Sklearn将我们之前自己做的计算欧式距离，然后取离测试数据最近的进行平均值计算这些操作都封装了，并提供了计算误差的函数。

In [17]:
from sklearn.neighbors import KNeighborsRegressor
cols = ['accommodates','bedrooms']
knn = KNeighborsRegressor()
knn.fit(norm_train_df[cols], norm_train_df['price'])   # 找临近值
two_features_predictions = knn.predict(norm_test_df[cols])  # 进行计算

In [18]:
from sklearn.metrics import mean_squared_error

two_features_mse = mean_squared_error(norm_test_df['price'], two_features_predictions)   # 计算误差
two_features_rmse = two_features_mse ** (1/2)
print(two_features_rmse)

0.8426824704818202


如下我们加入更多的特征值

In [19]:
knn = KNeighborsRegressor()

cols = ['accommodates','bedrooms','bathrooms','beds','minimum_nights','maximum_nights','number_of_reviews']
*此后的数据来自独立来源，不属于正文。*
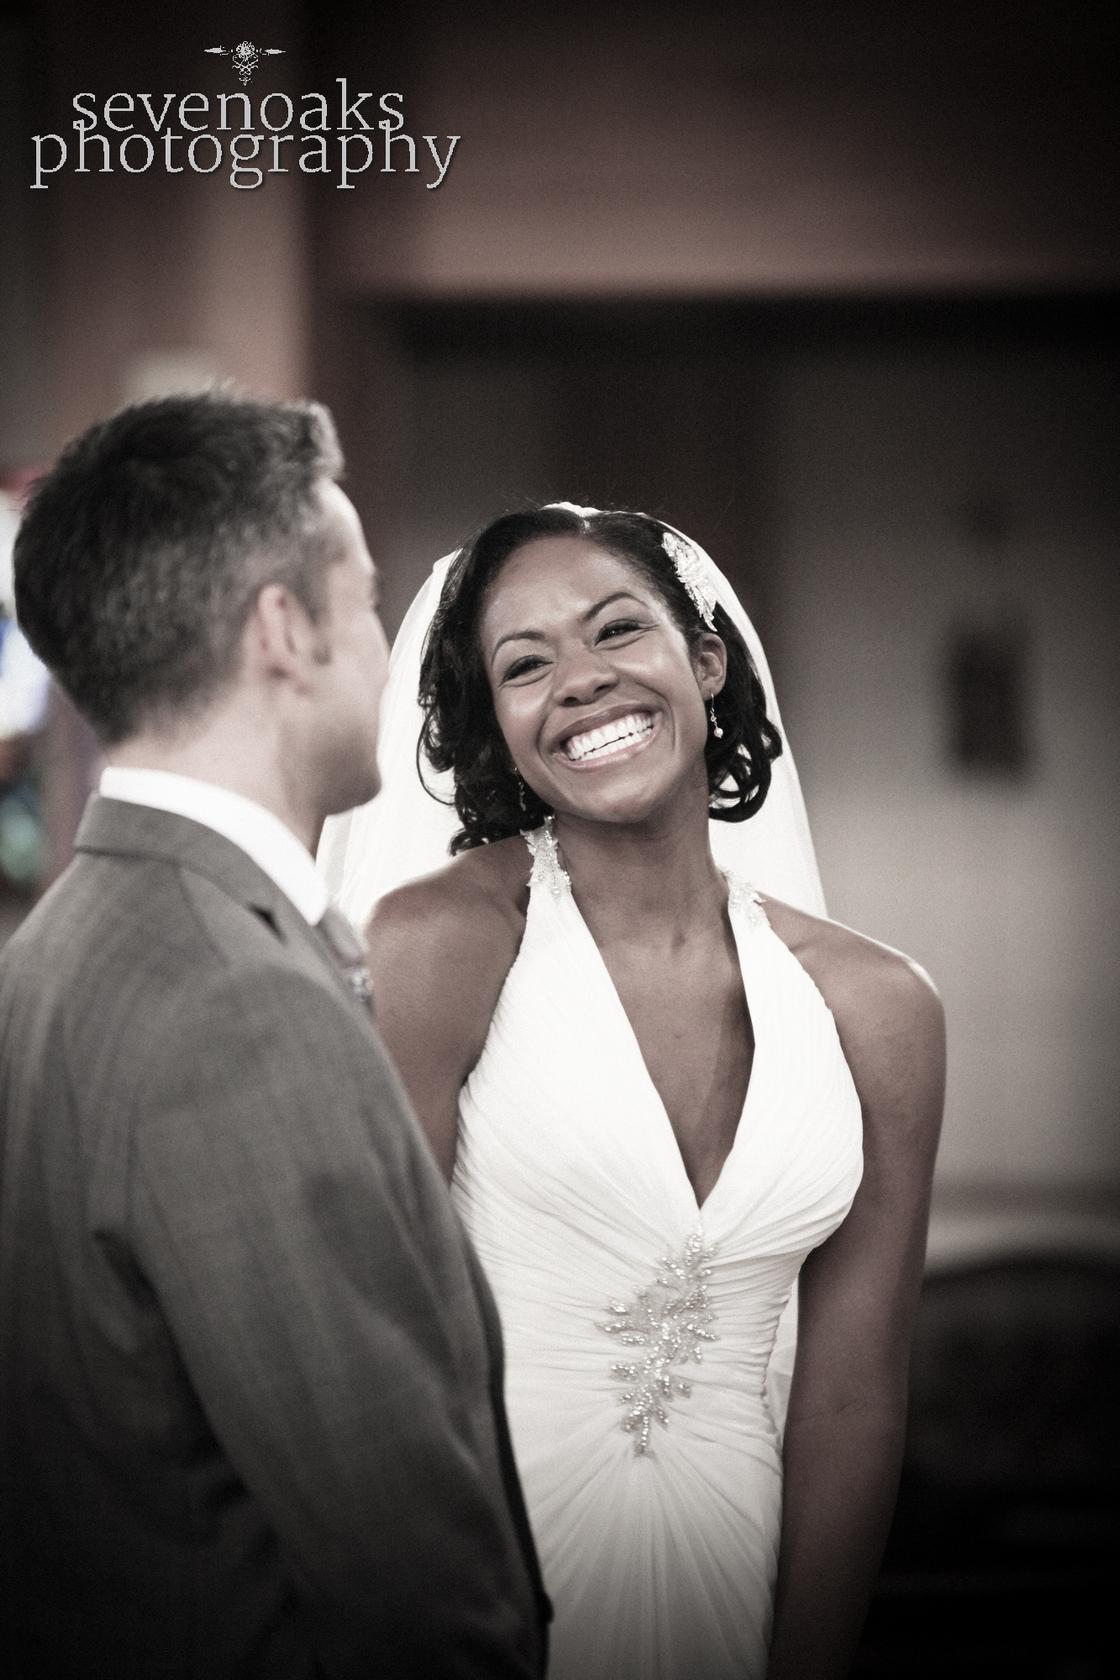 Sevenoaks documentary wedding photographer-11.jpg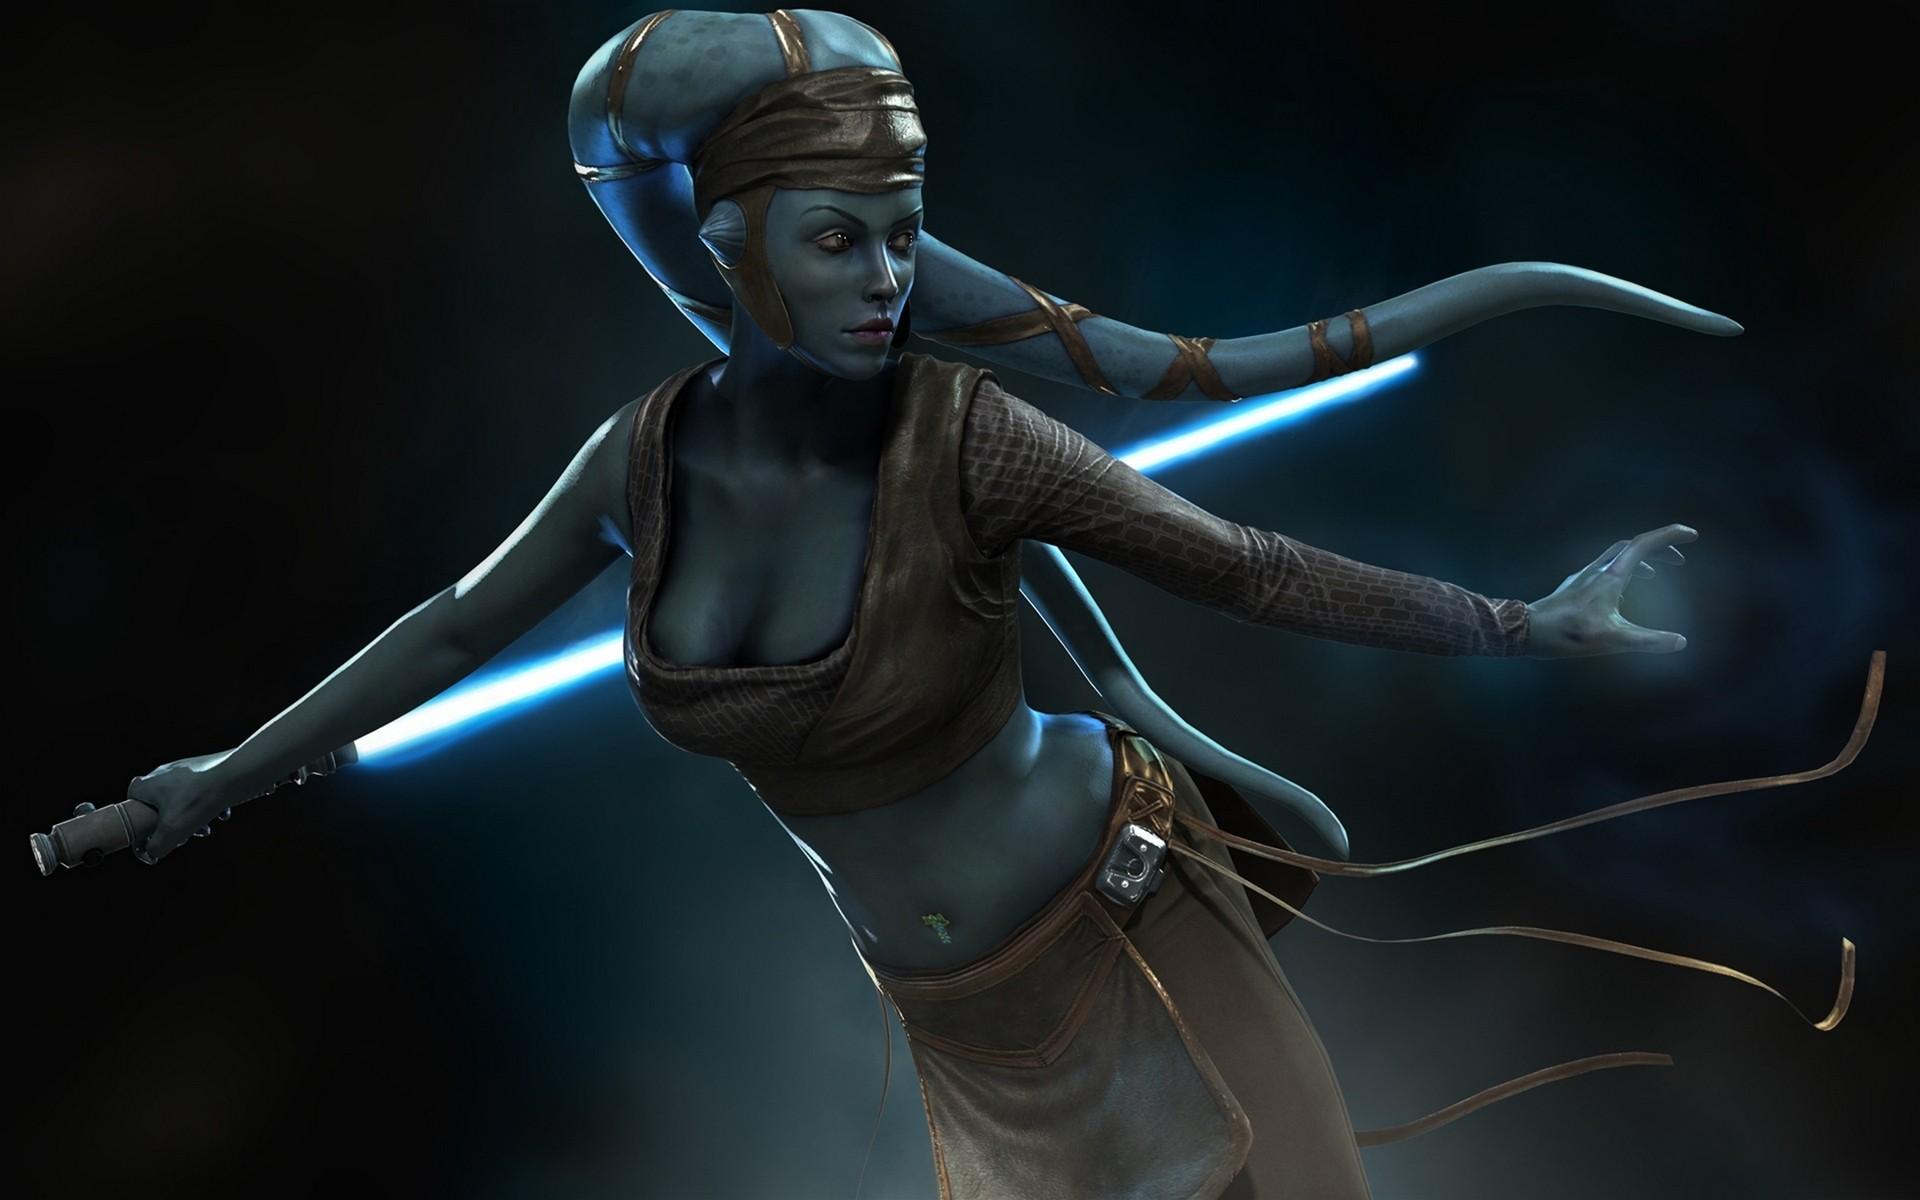 Star Wars Warriors Aliens Games 3D Graphics Fantasy warrior sci-fi .

knn.fit(norm_train_df[cols], norm_train_df['price'])  # 找临近值
four_features_predictions = knn.predict(norm_test_df[cols])  # 进行计算
four_features_mse = mean_squared_error(norm_test_df['price'], four_features_predictions)  # 计算误差
four_features_rmse = four_features_mse ** (1/2)
four_features_rmse

0.8243838530880285